I enjoy getting feedback from audiences because it allows me to determine what parts of my presentations are the most impactful and, like a stand up comedian will tighten up their set, I use this as a good barometer of what to focus on and further build out and what to cut. Another good exercise is ask the audience afterwards: what was the real takeaway from this hour or two hour presentation that you’ll take with you?
When I read a book, I like to write down a handful of thoughts, every hour, so that I can review impactful points, because after reading for five hours, I’m not going to be able to immediately recall all of the salient points that hit me at various times. People have limited free time and public speakers have a duty to get right to the point of the most impactful topics that’s relevant to an audience.
I had a conversation about content structure with a colleague whose writing I enjoy and we discussed the push to impactful brevity. Blockchain influencers and fund managers are integrating memes and shorter form content by looking to the standard that if you can communicate something in less words, as impactfully as something that is haphazardly spilled out on a page, then it’s an imperative that you do so. Every minute that something isn’t tightly wound into something that’s highly readable, you’ve introduced the potential to lose the reader so to the extent that you can prevent against that, you must.
In one of my recent presentations, I fielded questions during the slides, and I thought that in this Rekt Report, and ones that follow, that I would answer specific questions that I seem to be receiving on a recurring basis. Rather than try to weave answers into the context of a longer form article, which I will do from time to time, I think that it would be particularly useful for a blockchain newsletter that’s facing the public to piecemeal out answers that are easily digestible. So here goes:
What is the Web 3 movement and why is it important?
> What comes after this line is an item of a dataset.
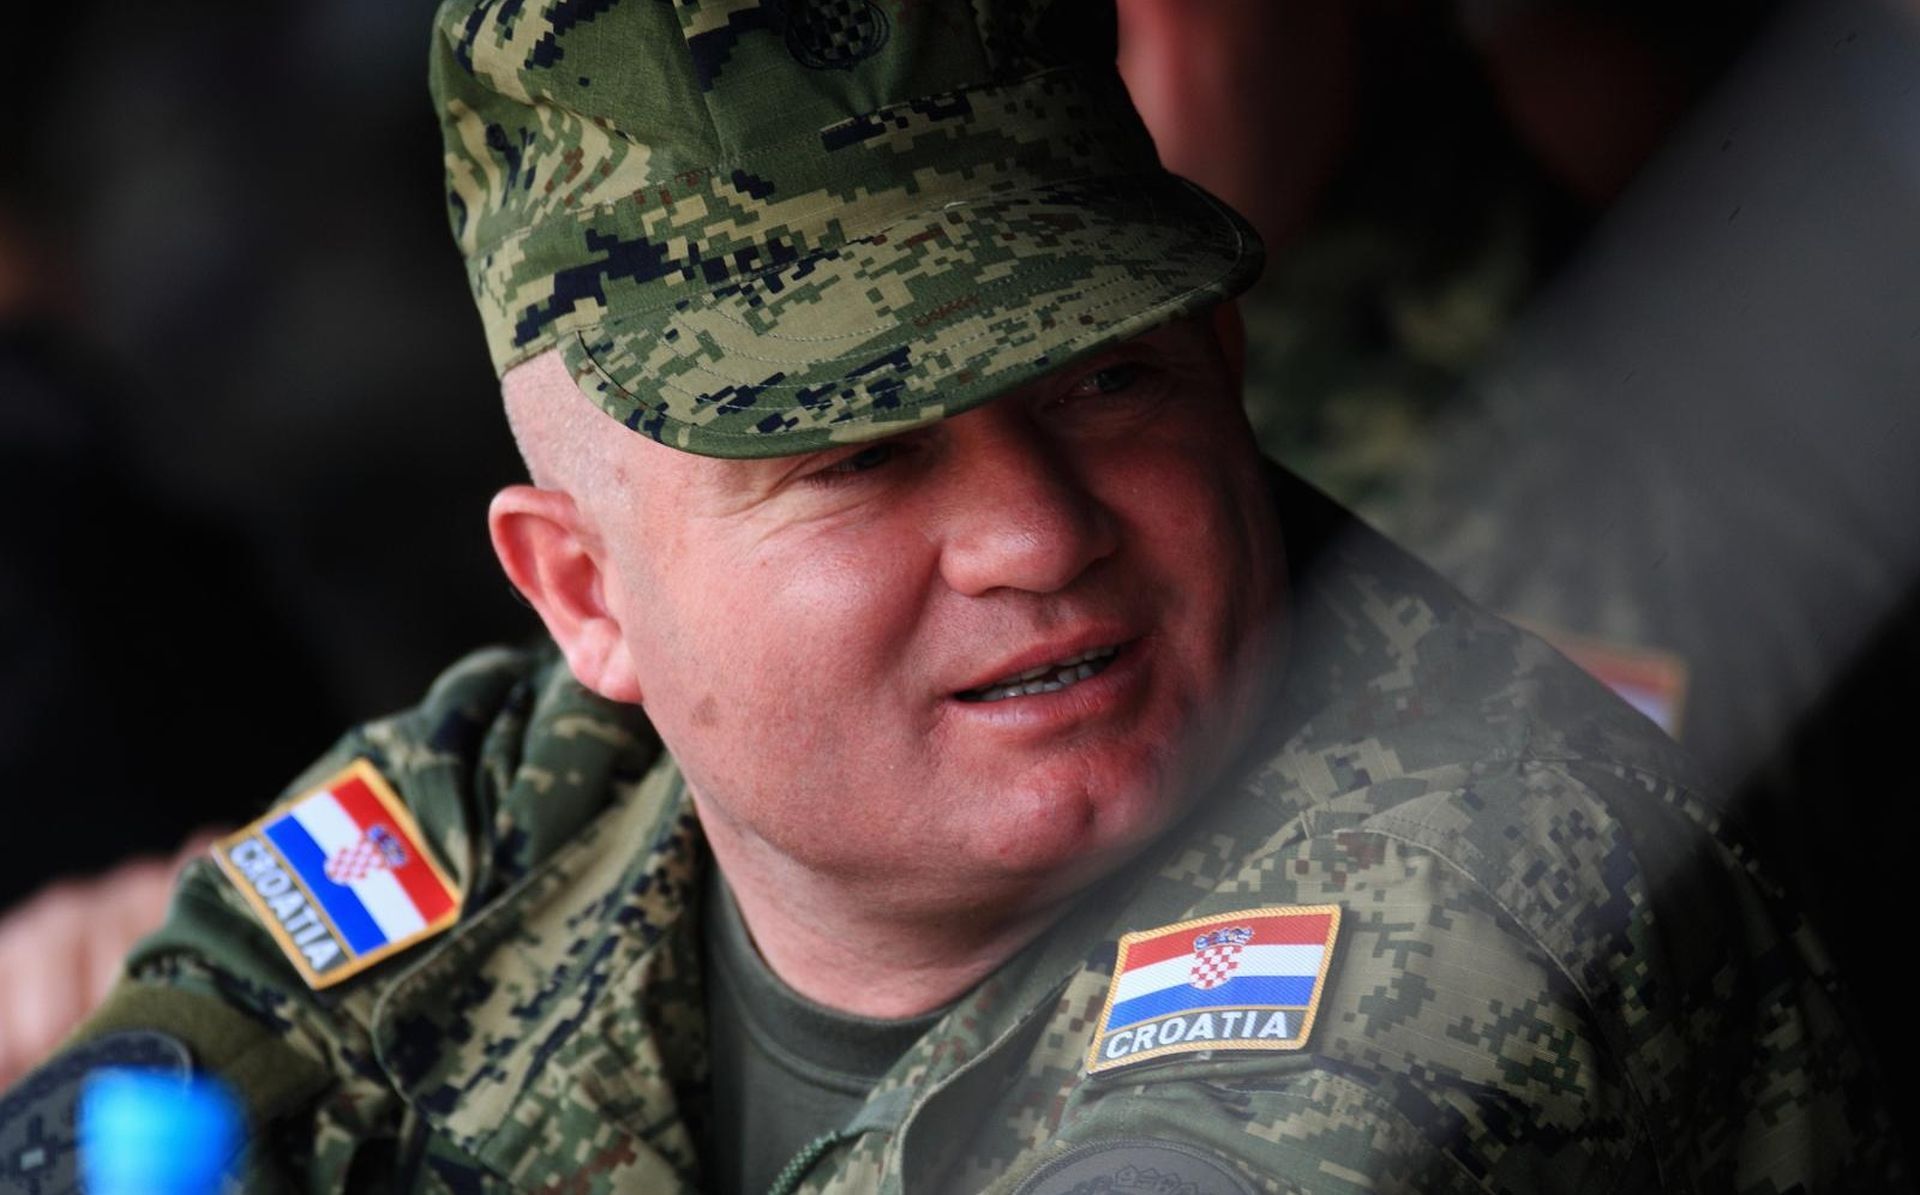 12.06.2011., Slunj - General Mladen Kruljac, na vojnoj vjezbi u Slunju.
Photo: Zeljko Hladika/PIXSELL

Web 1 was the use of the internet with individual, static websites that were functionally more like online brochures for a business. Web 2, which has been the past decade, is the era of centralization where you login to your profile on a platform of a tech behemoth. They control the rules to the game, own your images, and you’re creating content for them, much like writing for a regional newspaper about your life, telling all your friends about it, and doing so for free while the newspaper rakes in advertising.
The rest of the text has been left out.